Through the unflattering categorization of Arab, Palestinian “human shields” have been acceptable sacrificial lambs for the greater cause of achieving complete and utter victory by Israel. The degree of loss would be unimaginable in a European or Western population, yet it has been a historical reality for the Orient. One must wonder if their target was embedded within American, European, or Israeli society; would 30,000 human lives still be acceptable? Israeli soldiers proudly post themselves looting Palestinian homes, wearing Palestinian women’s lingerie, and declaring their euphoria over bombing residential apartment complexes and schools with no criticism or acknowledgments from the Israeli nor American and European governments. Meanwhile, the Orient is chastised for daring to be dissatisfied over this revolting conduct. The Arab’s life is deemed worthless, with each loss seen as the end of a religious extremist with nothing better to do other than to be hellbent on committing acts of terrorism since birth.
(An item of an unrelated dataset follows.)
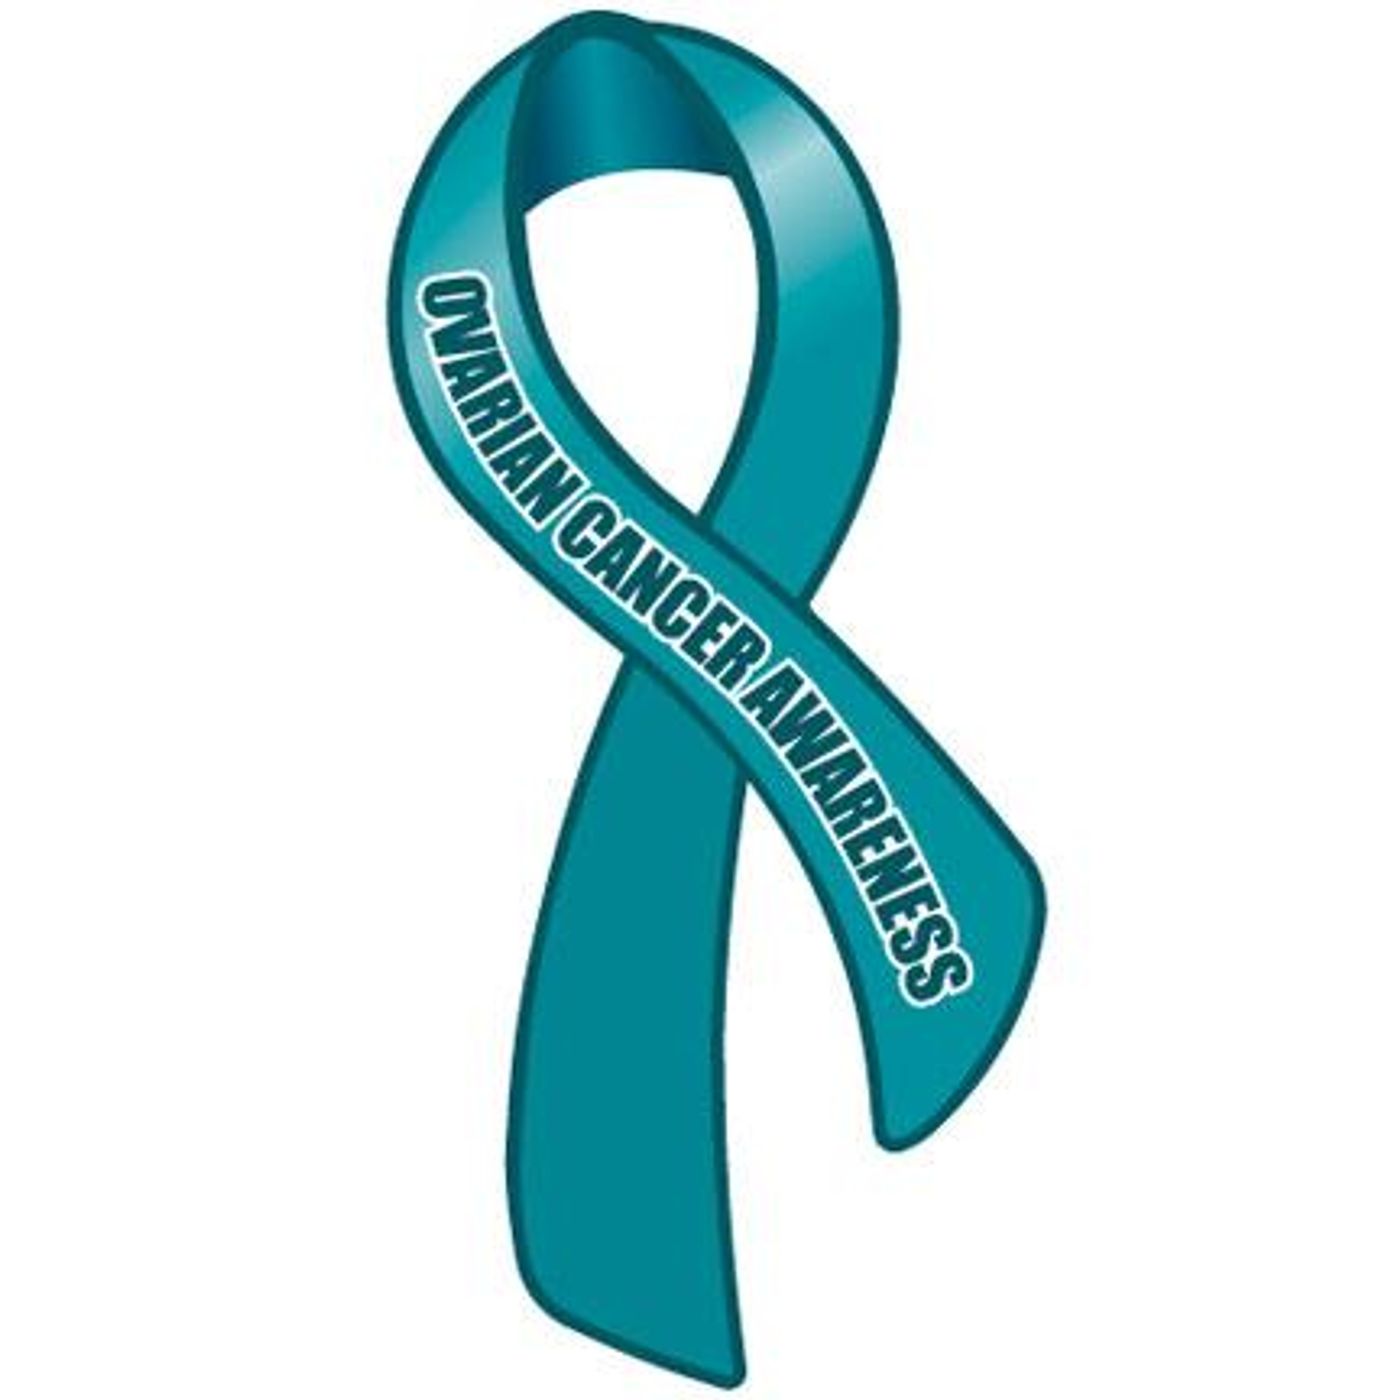 Ovarian cancer is the 5th leading cause of cancer death among women.

It’s a shame Palestine has been disingenuously reduced to an issue of religious fanaticism. It’s a shame the implanted image of the Arab is a backwards grotesque hom*ogenous people, with an insignificant history. It’s a shame our voices are not only misconstrued, but not even acknowledged; as an acknowledgement of the Arab and the Palestinian identity inherently dissolves the manufactured narrative by the Orientalist. It’s a shame the Orientalist will perhaps never take a moment for self-reflection of his beliefs — beliefs that have cost us hundreds upon thousands upon millions of our lives.